Examining Passages from Genesis Used to Support Patriarchy in the Church

Last time, we discussed biblical passages from the New Testament epistles used to support Christian patriarchy; today we will look at passages from the first chapters of Genesis. I chose these passages because they are specifically referenced in the 1988 Danvers Statement by The Council on Biblical Manhood and Womanhood.

Genesis 3, 1 Timothy 2, and Christian Patriarchy

The Temptation of Eve

Advocates of patriarchy use two New Testament passages that reference Genesis in regard to a woman’s role in church and family. The first is 1 Timothy 2:

A woman should learn in quietness and full submission. I do not permit a woman to teach or to assume authority over a man; she must be quiet.

For Adam was formed first, then Eve. And Adam was not the one deceived; it was the woman who was deceived.

The author does not allow women to ‘teach or to assume authority over a man’, so in today’s patriarchal churches women are also forbidden to teach or assume authority over men.
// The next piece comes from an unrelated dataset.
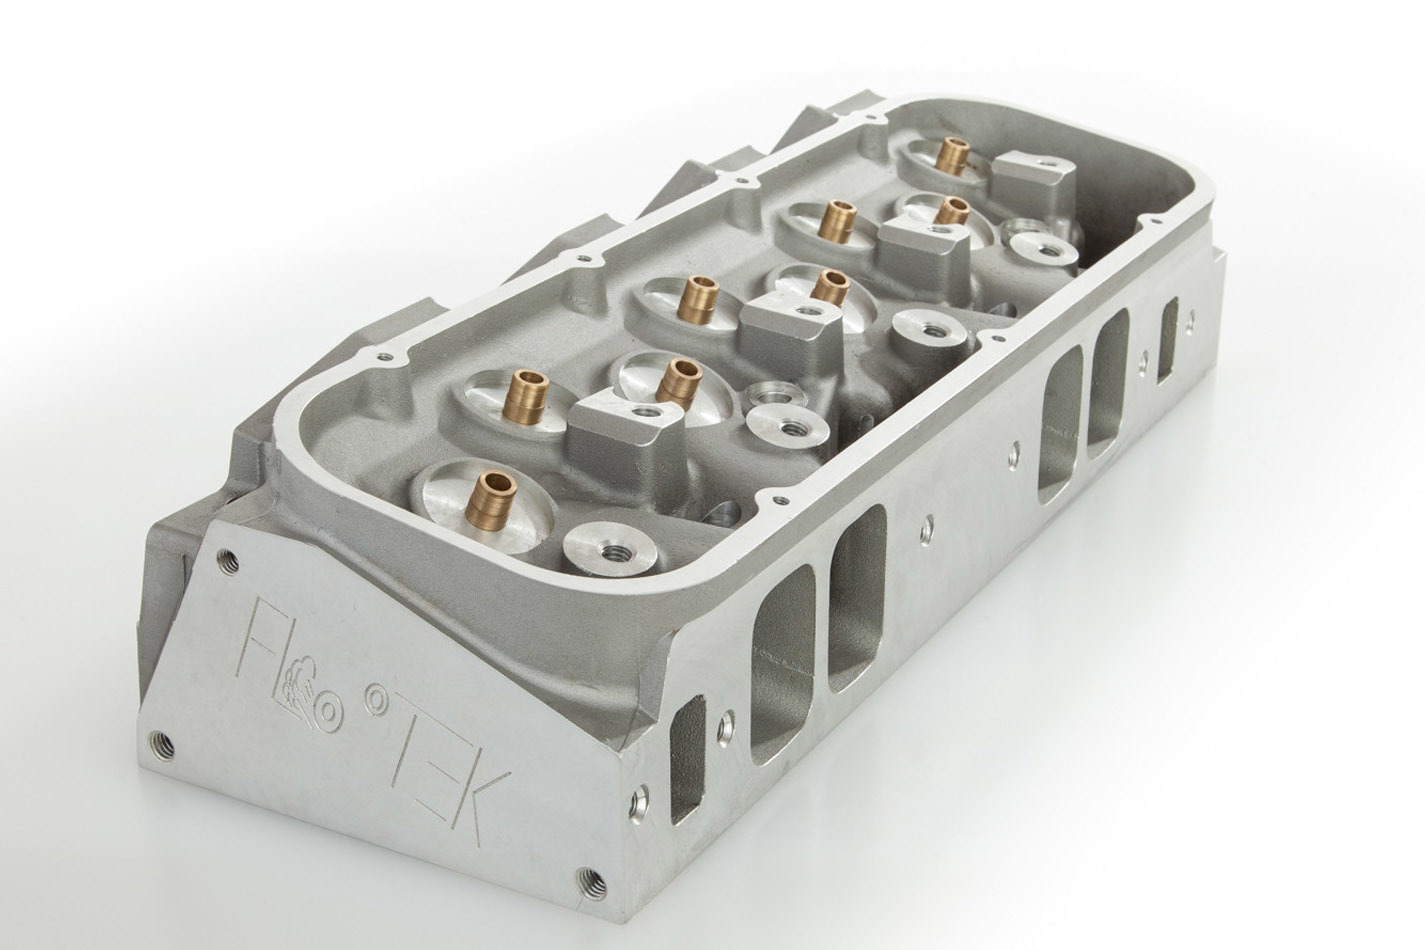 Flo Tek 360-6058 Cylinder Head, Assembled, 2.300 / 1.880 in Valves, 360 cc Intake, 121 cc Chamber, 1.620 in Springs, Aluminum, Big Block Chevy, Each

They are allowed to teach women or children—but not men. This is a strict (and demeaning) doctrine.

The reason given for this is that Adam was created first and that Eve, not Adam, was the one deceived into eating the forbidden fruit—referencing Genesis 3:

Now the serpent was more crafty than any of the wild animals the Lord God had made. He said to the woman, “Did God really say, ‘You must not eat from any tree in the garden’?”…

When the woman saw that the fruit of the tree was good for food and pleasing to the eye, and also desirable for gaining wisdom, she took some and ate it. She also gave some to her husband, who was with her, and he ate it. Then the eyes of both of them were opened, and they realized they were naked…

Then the Lord God said to the woman, “What is this you have done?” The woman said, “The serpent deceived me, and I ate.”…“I will make your pains in childbearing very severe; with painful labor you will give birth to children. Your desire will be for your husband, and he will rule over you.”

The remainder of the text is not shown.